O Tribunal de Contas do Estado julga nesta quinta-feira as contas do governo do Paraná de 2016. Em tese, o julgamento deveria ter sido feito na semana passada, mas num ato inédito um conselheiro pediu para analisar melhor a prestação de contas.
Em geral, o TC tem sido mais do que condescendente com os governadores. Mas os procuradores que analisam tecnicamente os gastos dizem que há pelo menos três anos os conselheiros deveriam reprovar a prestação de contas do governo Beto Richa.
Atual chefe do Ministério Público de Contas, Flávio de Azambuja Berti explica o porquê.
O MP de Contas apontou nove problemas nas contas do governo Beto Richa de 2016. Há problemas graves?
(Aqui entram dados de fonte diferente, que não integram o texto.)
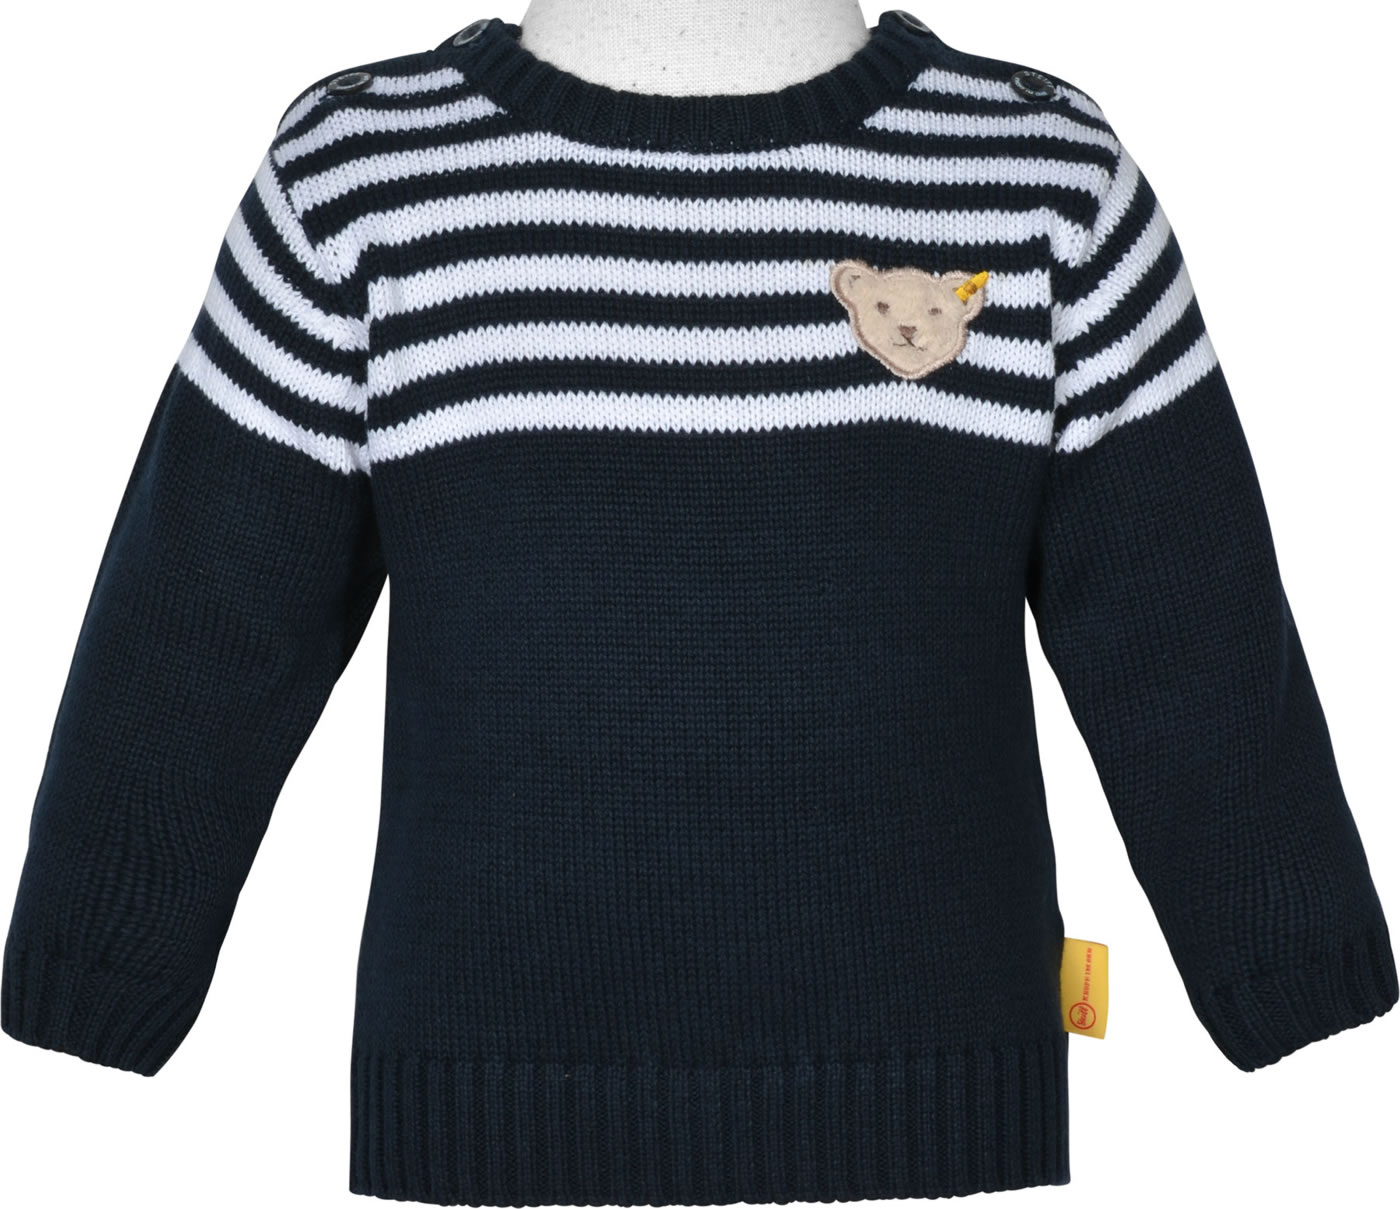 premium selection 106b4 a3b9f Steiff Pullover BLUE WINTER black iris 1922102-3032

Faria sentido a reprovação?
Sim, há problemas graves, especialmente a falta de repasse da parte patronal da contribuição previdenciária sobre a folha dos servidores, o que causa déficits e rombos na Paranaprevidência, independentemente do regime previdenciário diante do qual se esteja (este atual, ou algum outro decorrente de eventual aprovação de Emenda Constitucional que reforme em parte ou por completo a Previdência).
Independentemente dos requisitos de idade mínima (qualquer que seja) e de tempo de contribuição mínimo exigido do servidor bem como de valor-teto de benefício, a falta de recolhimento dos aportes devidos pelo governo indica grave problema de gestão capaz de, por si só, aumentar a cada ano o déficit do sistema.
Leia mais: As 9 irregularidades apontadas pelo TC
Também chamou atenção o não-cumprimento de despesas empenhadas e não atendidas em 2015 que deveriam ser em 2016, mas não o foram.
Além disso, a alteração de mais de 17% do total de despesas aprovadas (autorizadas) na Lei Orçamentária Anual do Estado por decretos do governador durante o ano também consiste em ofensa à violação expressa de previsões da Constituição Federal (arts. 167 a 169), independentemente de um “cheque em branco” constante da LOA estadual ou de julgamentos anteriores pela aprovação das contas diante de situação análoga em exercícios anteriores.
A cada ano, tem se repetido um padrão no julgamento das contas do governo do Paraná. O MP de Contas aponta problemas e muitas vezes sugere a reprovação, mas o pleno aprova apenas com ressalvas, recomendações e determinações. Existe uma explicação para essa diferença de visão?
O MP de Contas tem emitido nos últimos anos (ao menos nos últimos três anos consecutivamente) parecer pela reprovação das contas por entender que, quando descumpridas normas legais (orçamentárias, da Lei de Responsabilidade Fiscal ou outra), não há margem para ponderação e avaliação diferente. Como o órgão deliberativo do TC é colegiado, com diferentes opiniões e interpretações subjetivas próprias sobre a situação fiscal posta, fica mais difícil uma interpretação uníssona no mesmo sentido.
O TC nunca reprovou as contas do governo do estado. No entanto, a cada ano, parece que chega um pouco mais perto disso. Recentemente um conselheiro votou pela reprovação; o pleno aprovou determinações; agora houve um pedido de vistas. O que mudou nos últimos anos?
A situação contextual de absoluta falência fiscal do país (em âmbito federal e na maioria dos estados) e um perfil um pouco mais técnico dos integrantes do pleno ajuda.
Alguns conselheiros dizem que, como em outras gestões não houve reprovação mesmo havendo problemas, seria injusto com os novos governos aplicar critérios diferentes. Como resolver esse impasse?
Na visão do MP de Contas o que deve ser levado em consideração é o aspecto técnico-jurídico. Se a conduta é ilegal, se há ofensa ao que prevê a lei de orçamento, se há descumprimento de índice constitucional, se há utilização de despesas indevidas, não há como ponderar entre “justo” e “injusto”. Num sistema de direito positivo como o brasileiro em que se deve absoluta adequação ao que preveem as normas, a análise do que é legal ou ilegal não se confunde com juízos subjetivos do que seja “justo” ou “injusto”, até porque tal avaliação conforme a própria fundamentação (subjetiva), varia de pessoa para pessoa. Já o que está posto na lei não tem variação.